Background
The Center for Disease Control (CDC) states that the number of deaths per year due to Influenza and Pneumonia related illnesses has reached up to 55,227 in select years [7]. Additionally, MRSA causes approximately 14,000 deaths and 250,000 hospitalizations per year [5]. Self- cleaning surfaces, such as copper, are being used in hospitals to prevent the spread of infectious diseases across medical equipment and work surfaces [20, 14]. It is believed that the contact killing mechanism for microbes is copper ion diffusion, indicating that with increases in Cu concentration there is an increased kill rate [12]. Cold spray is an additive manufacturing method used to coat surfaces with Cu and other metals. Cold spray propels metal powder particles at a high velocity (600-1000 m/s) and relatively low temperature (100-500°C) at a substrate to form low porosity and low oxide coatings. The high hardness and density of the coating from the cold spray process results in an increased kill rate as compared to other additive methods using lower-velocity processes [9]

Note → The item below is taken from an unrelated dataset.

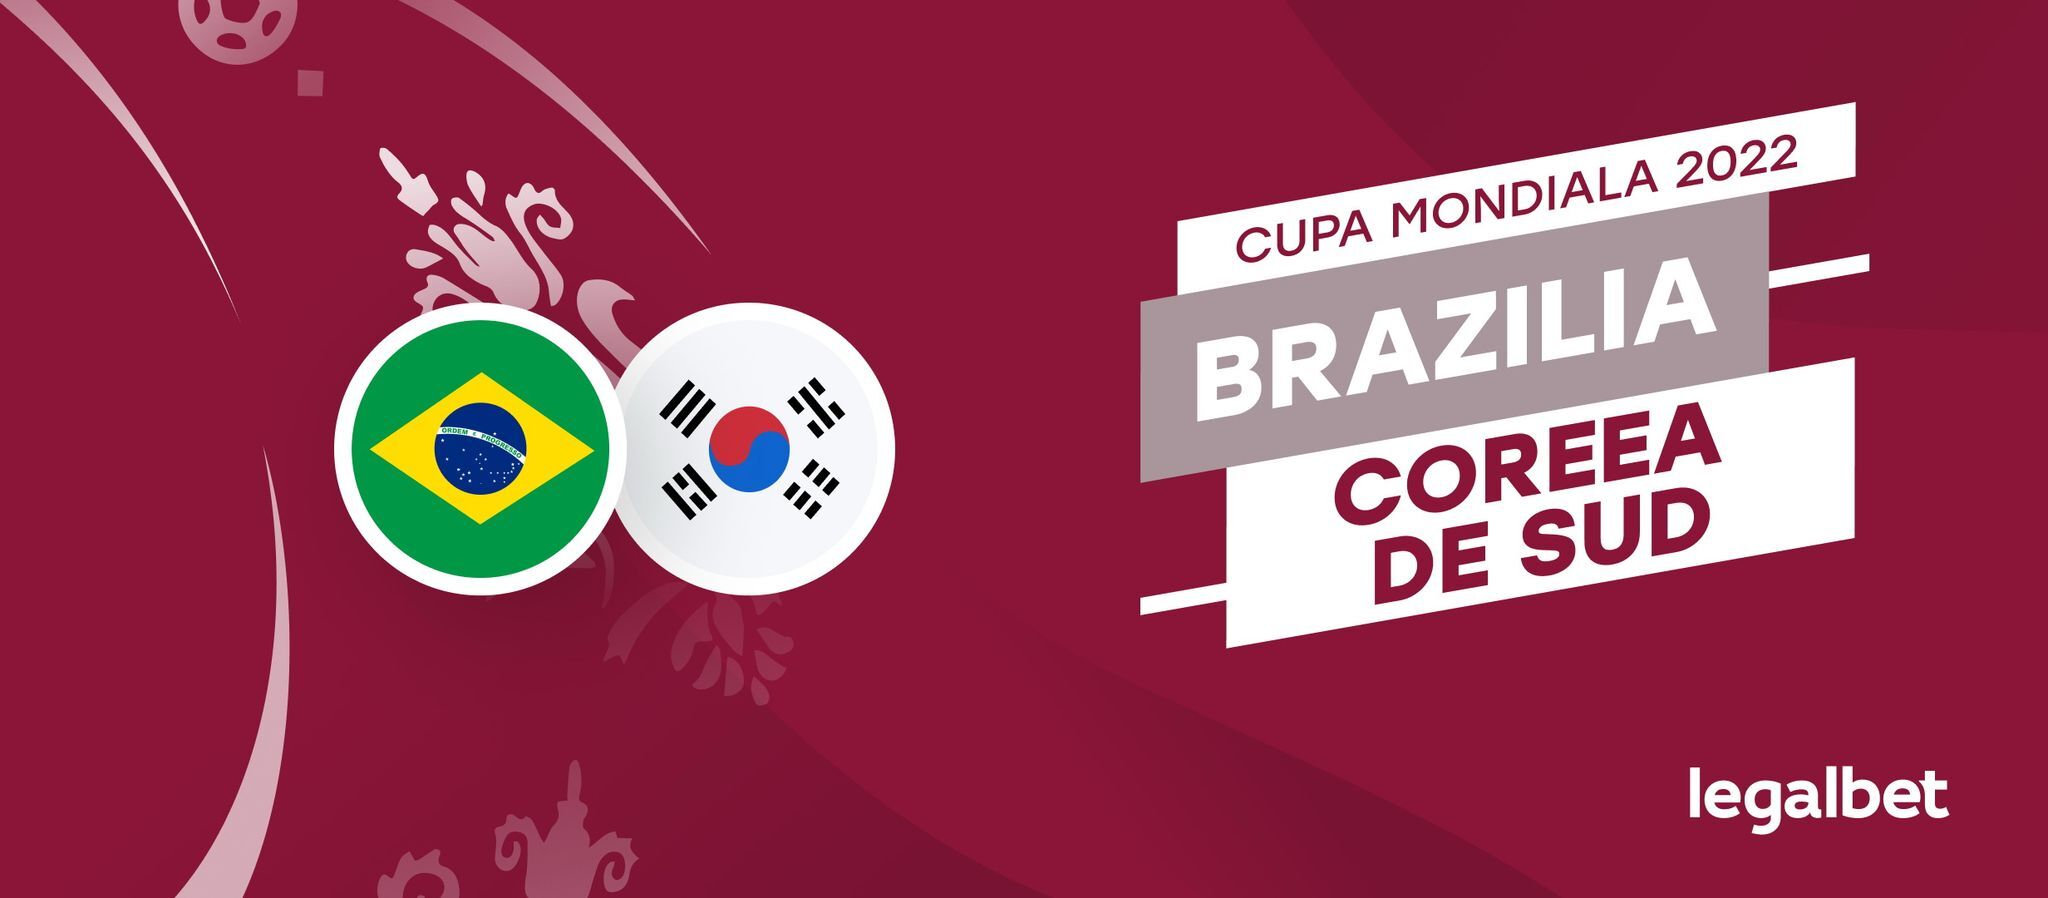 Brazilia - Coreea de Sud | Cote la pariuri, ponturi si informatii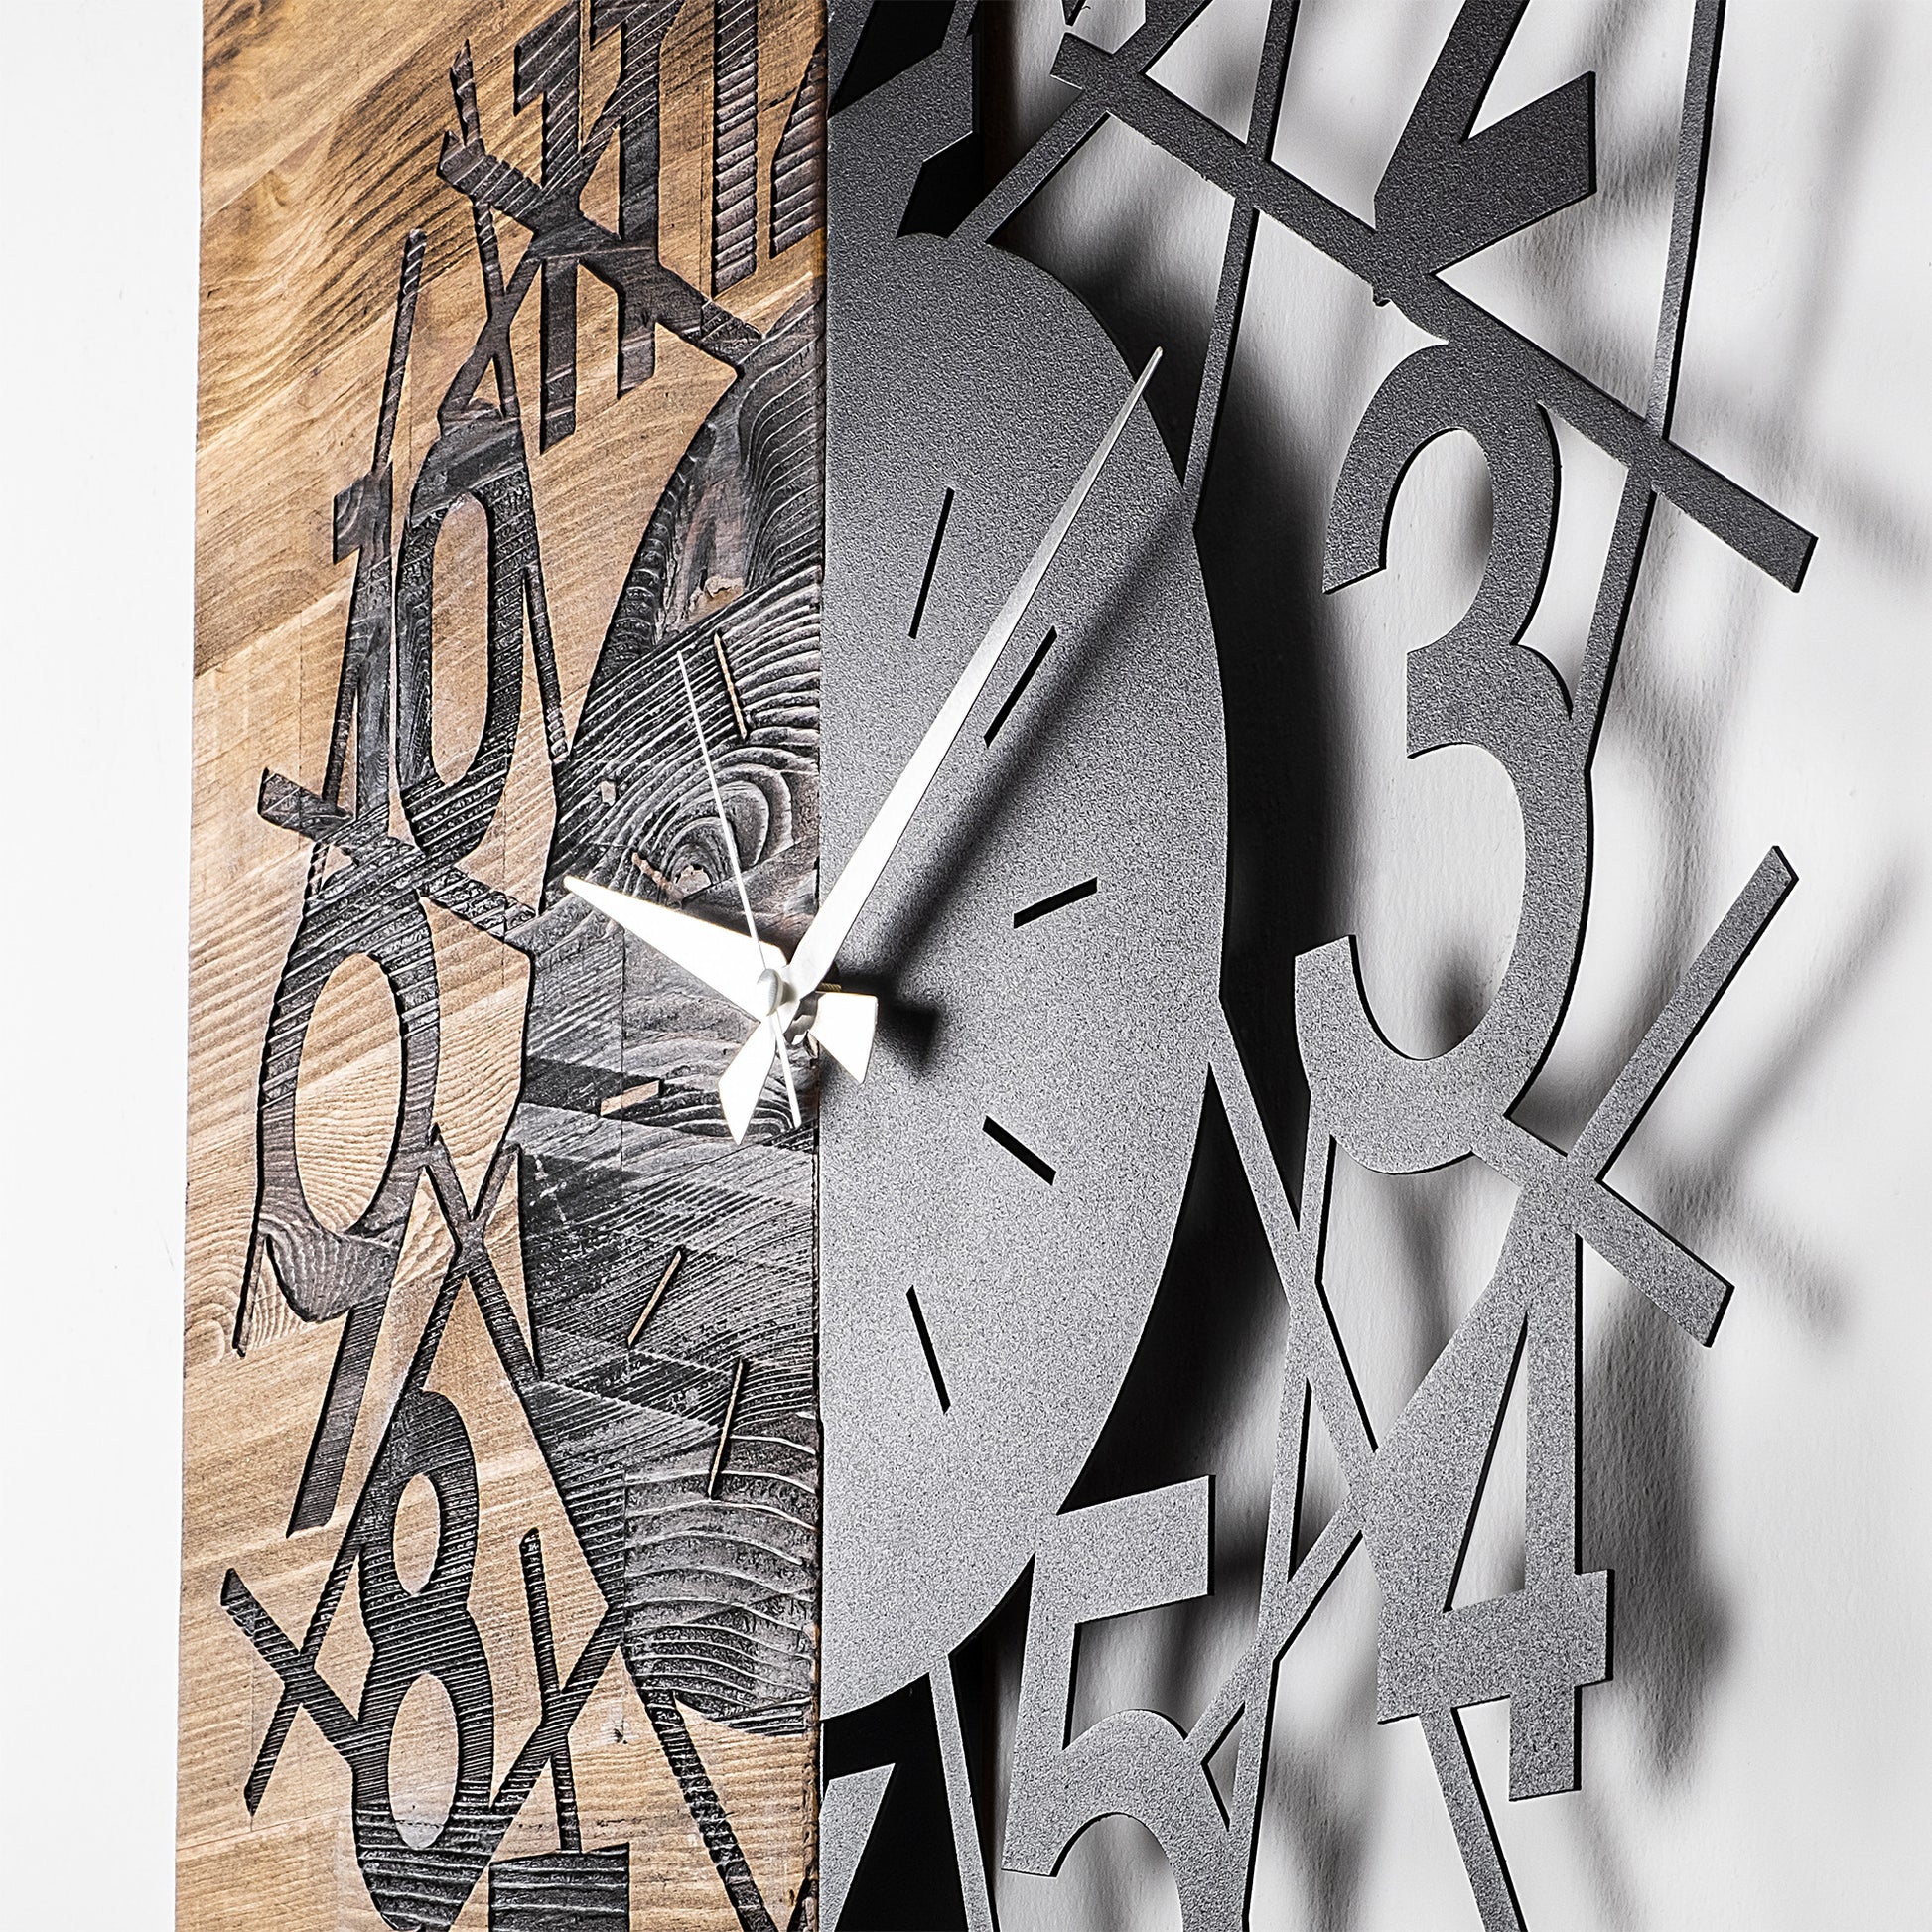 TAKK Wooden Clock 26 - NordlyHome.dk

This is a follow-on study to the paper “Effectiveness of Nanomaterial Copper Cold Spray Surfaces on Inactivation of Influenza A Virus” [19]. This paper explores the relationship between work hardening, grain boundaries and ion diffusion. Where, the velocity of the cold spray process coupled with the unique grain structure of the nanomaterial Cu allowes for increased kill rate of Influenza A Virus. Cold sprayed nanomaterial Cu coating was compared to cold sprayed conventional Cu coating, which contained larger particles with fewer grain boundaries. The results from testing are shown in Figure 1. [19]
Figure 1: : Percent reduction of MRSA and influenza A virus after 2 hour exposure to various copper deposits.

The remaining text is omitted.